> Activity
Print every entry exactly once more, omitting each picture.

(Source records)
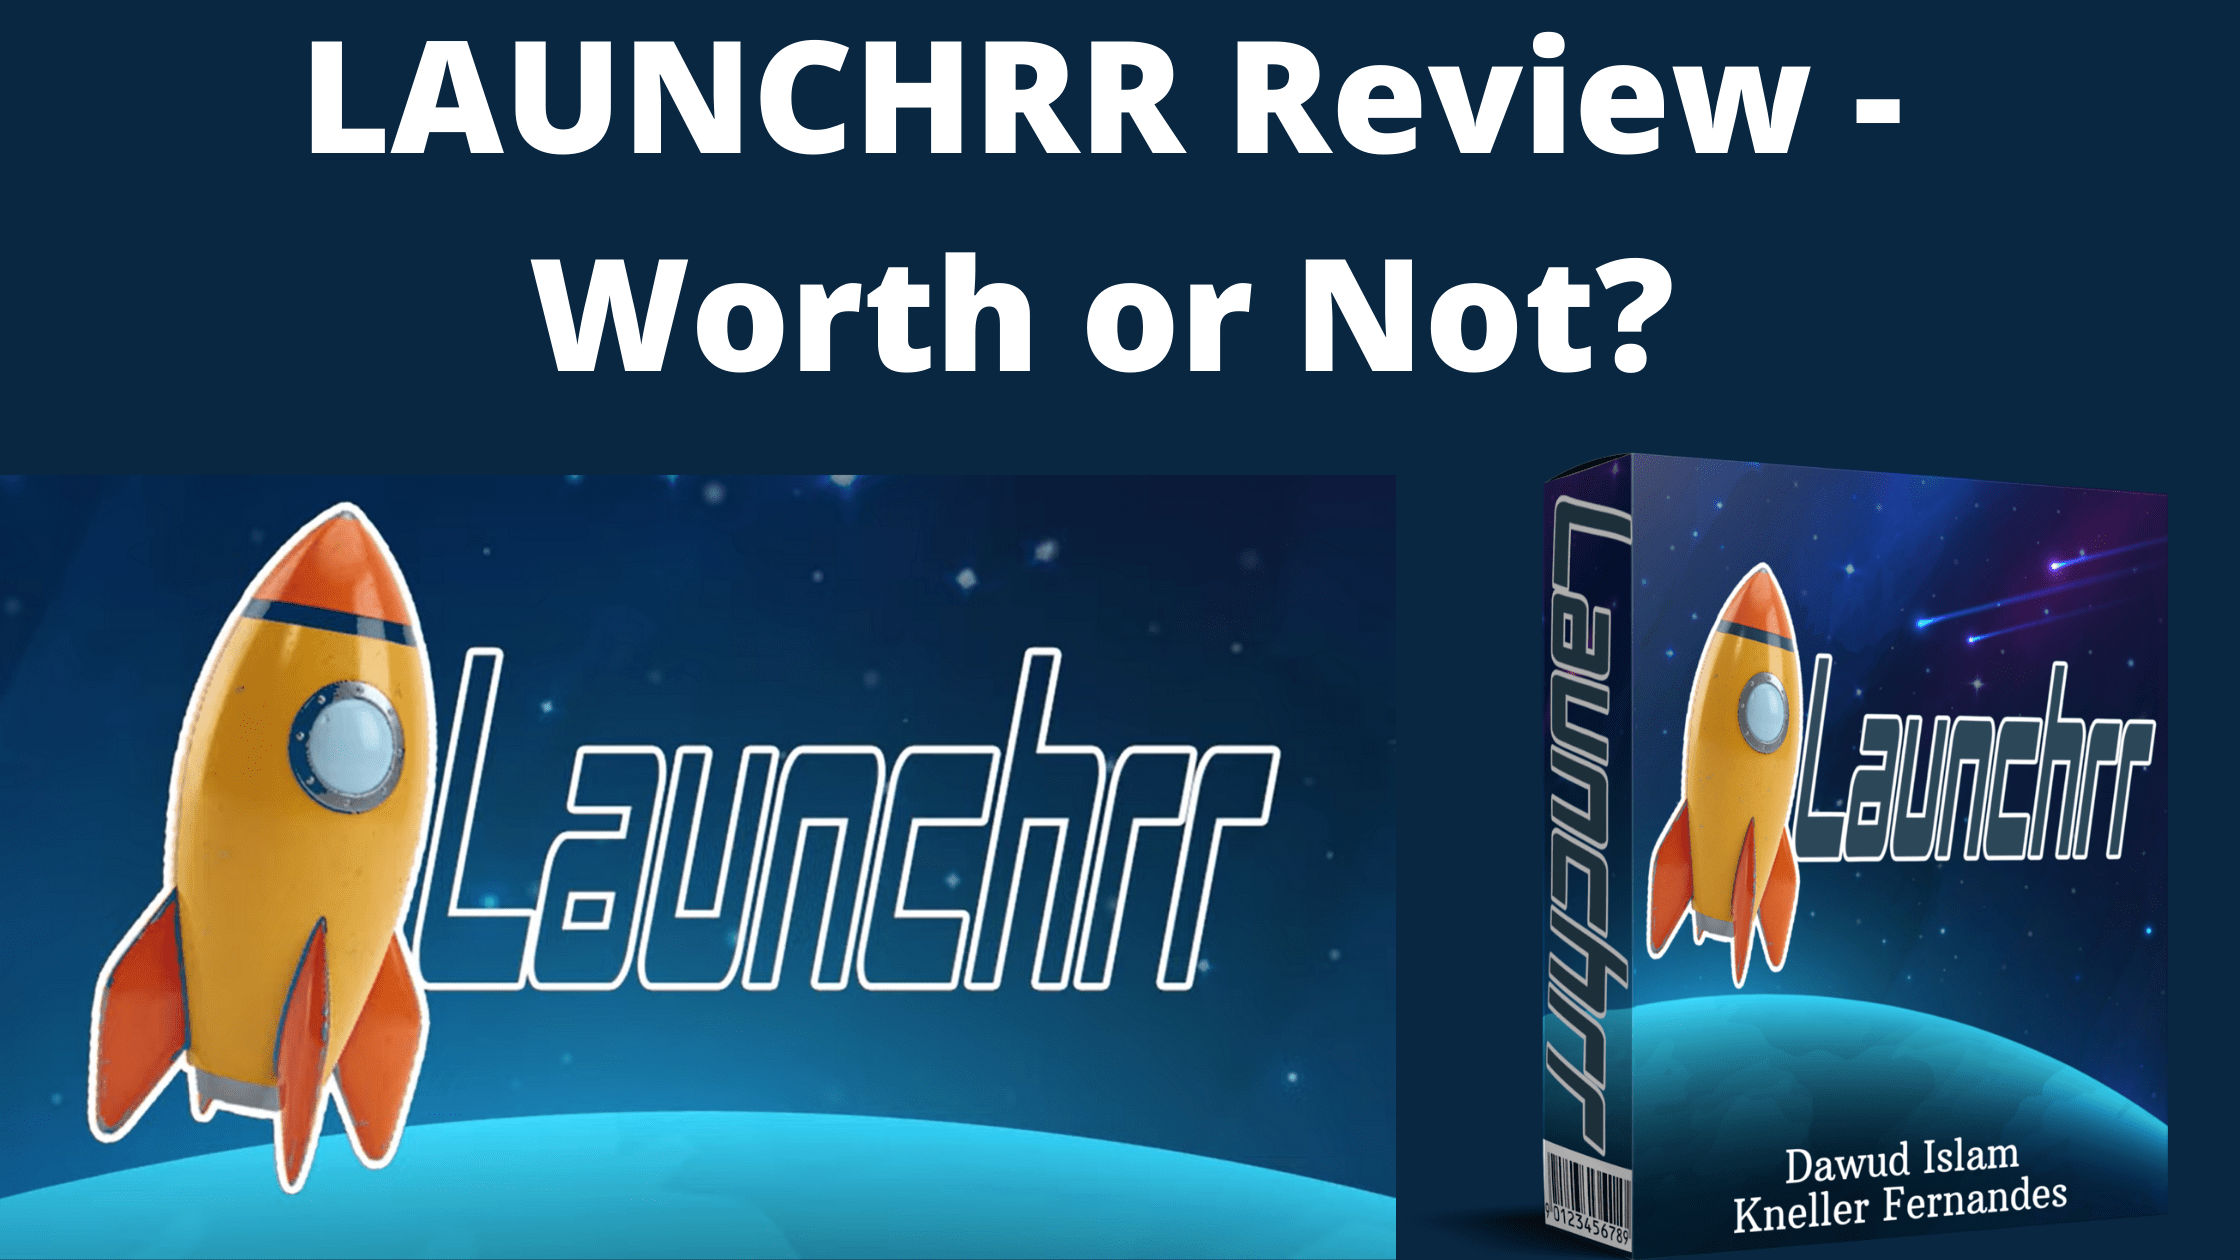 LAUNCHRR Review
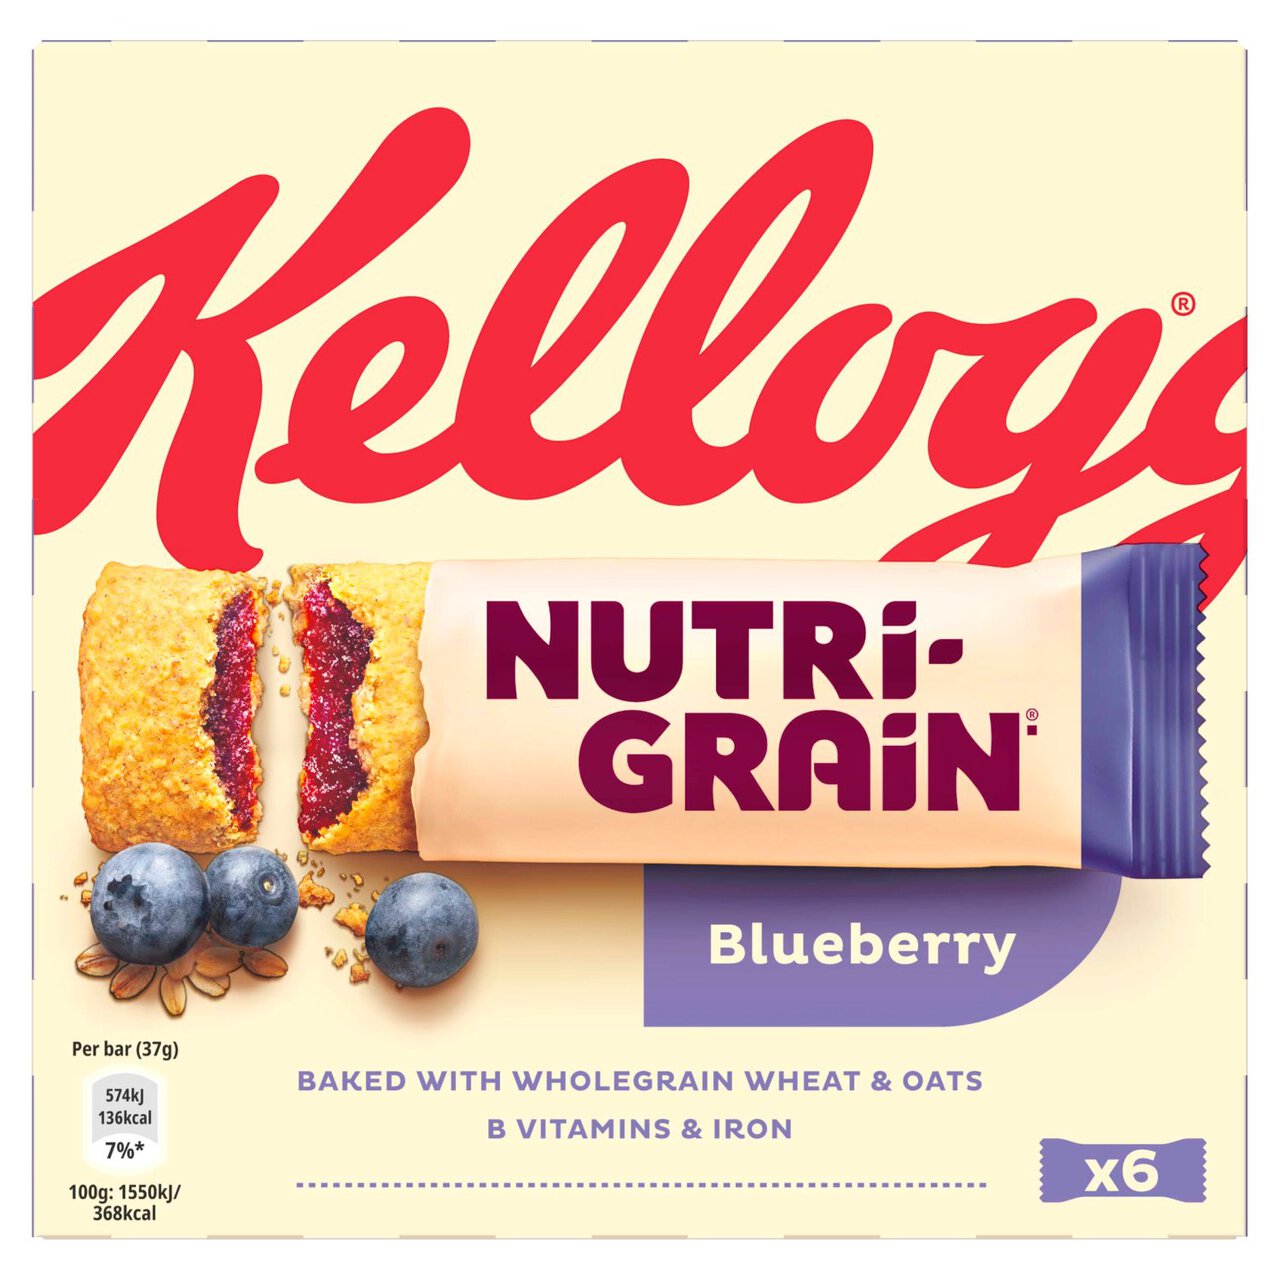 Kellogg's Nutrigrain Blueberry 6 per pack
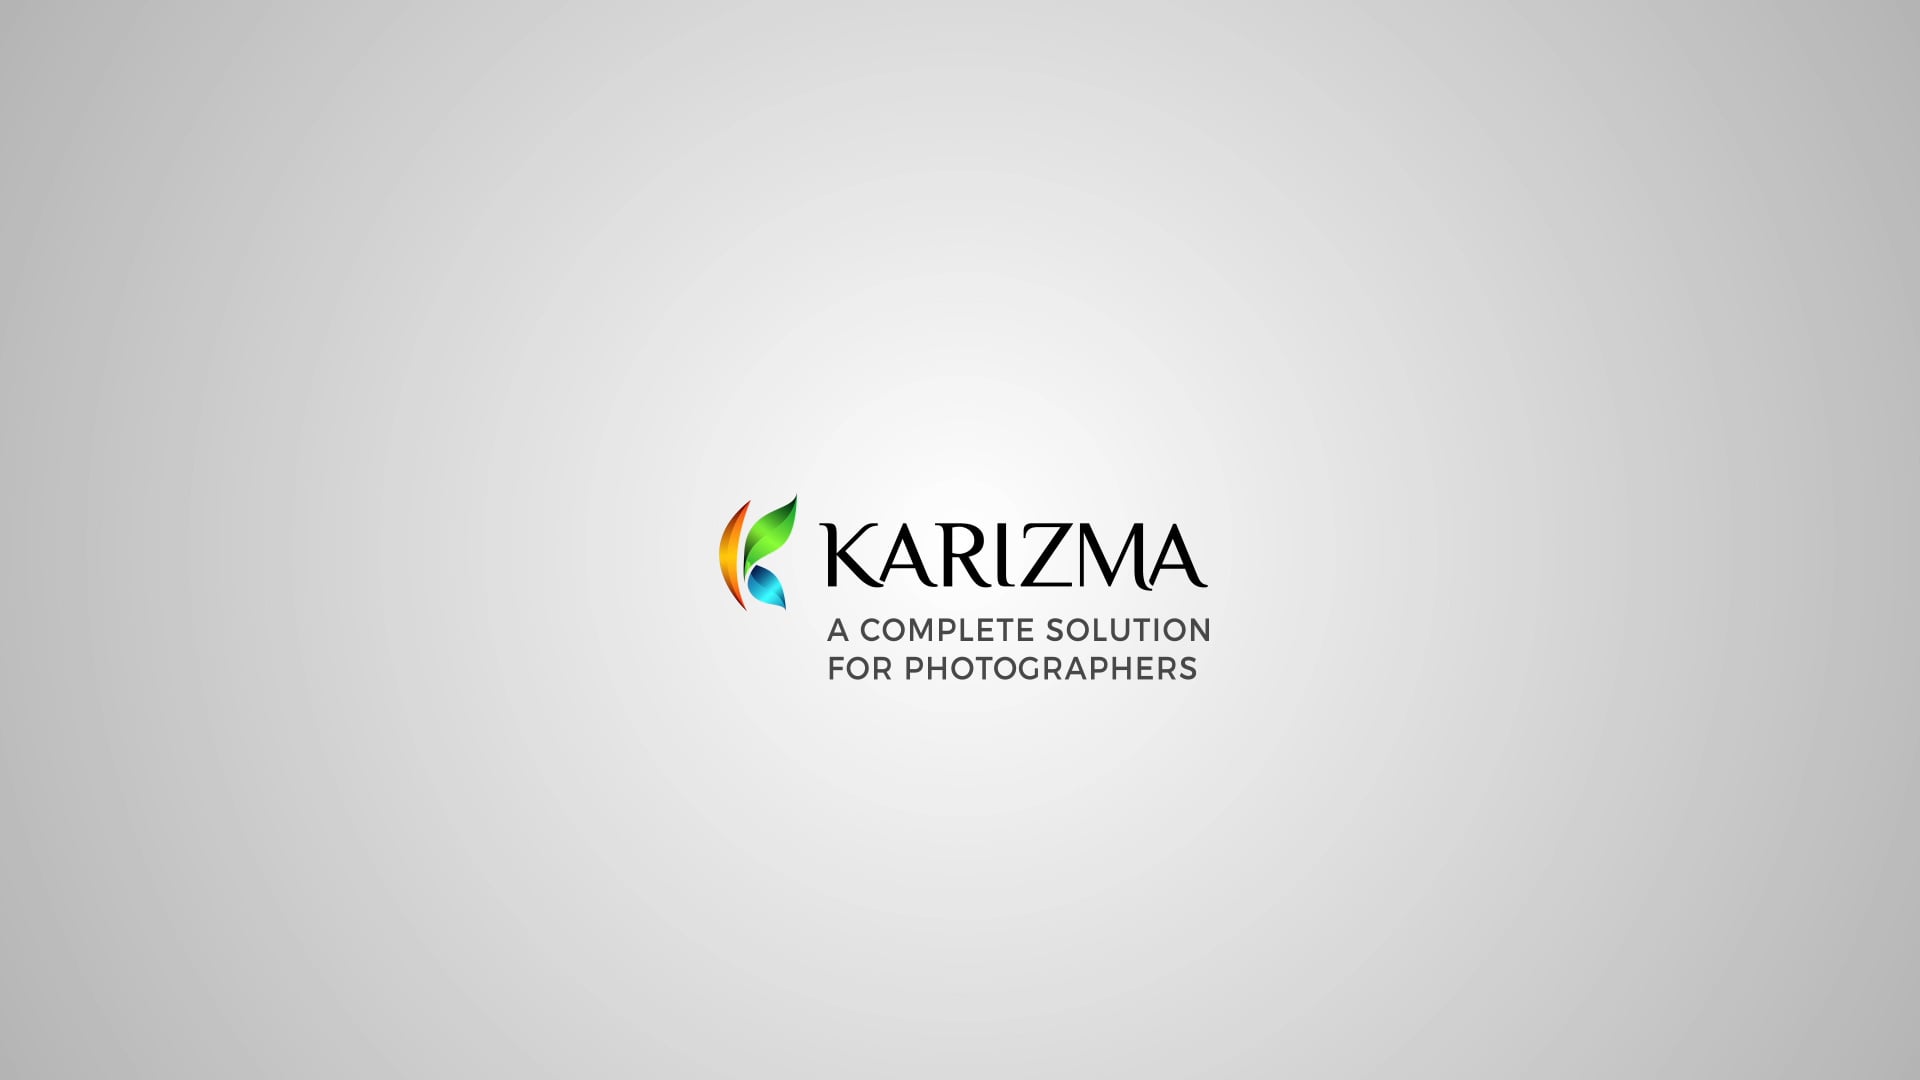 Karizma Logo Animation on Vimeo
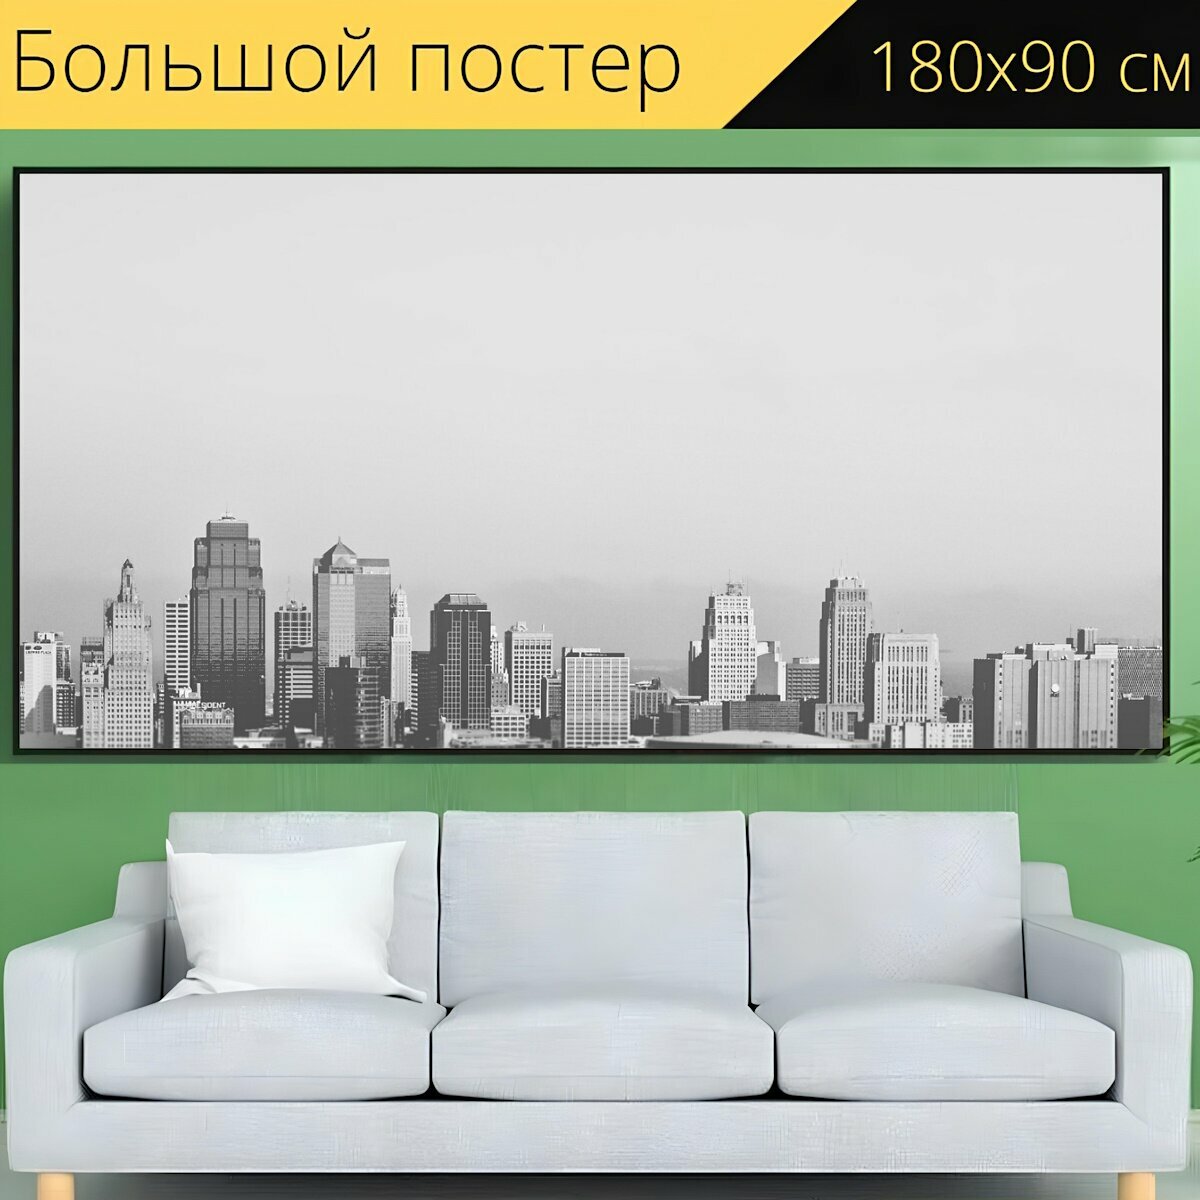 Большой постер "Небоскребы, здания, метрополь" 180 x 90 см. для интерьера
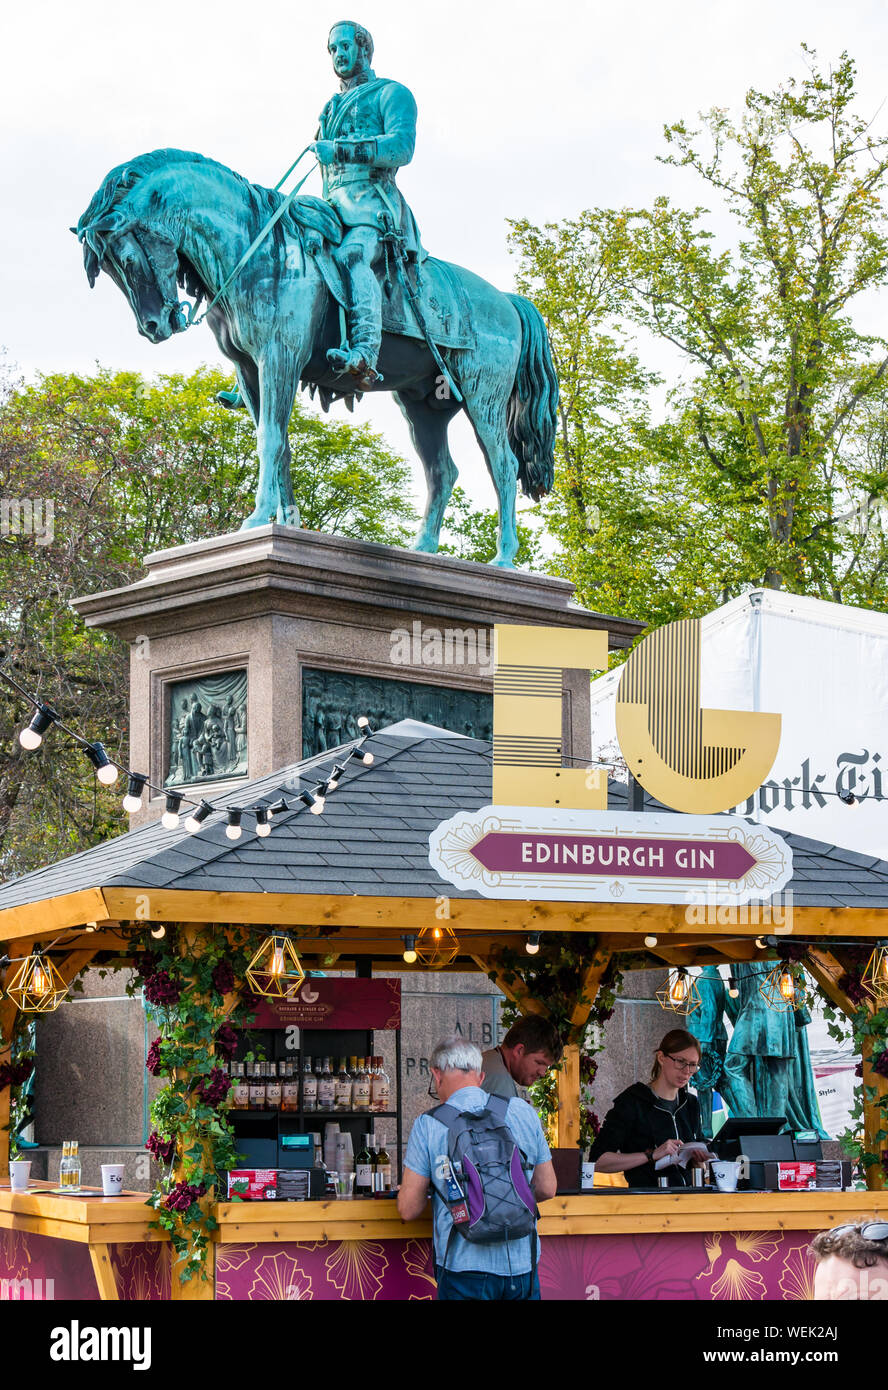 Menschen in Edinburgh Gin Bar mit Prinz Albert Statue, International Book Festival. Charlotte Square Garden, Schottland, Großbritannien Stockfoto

> Solved exercise
 LAUNCHRR Review
 Kellogg's Nutrigrain Blueberry 6 per pack
 Karizma Logo Animation on Vimeo
 Большой постер "Небоскребы, здания, метрополь" 180 x 90 см. для интерьера
 Menschen in Edinburgh Gin Bar mit Prinz Albert Statue, International Book Festival. Charlotte Square Garden, Schottland, Großbritannien Stockfoto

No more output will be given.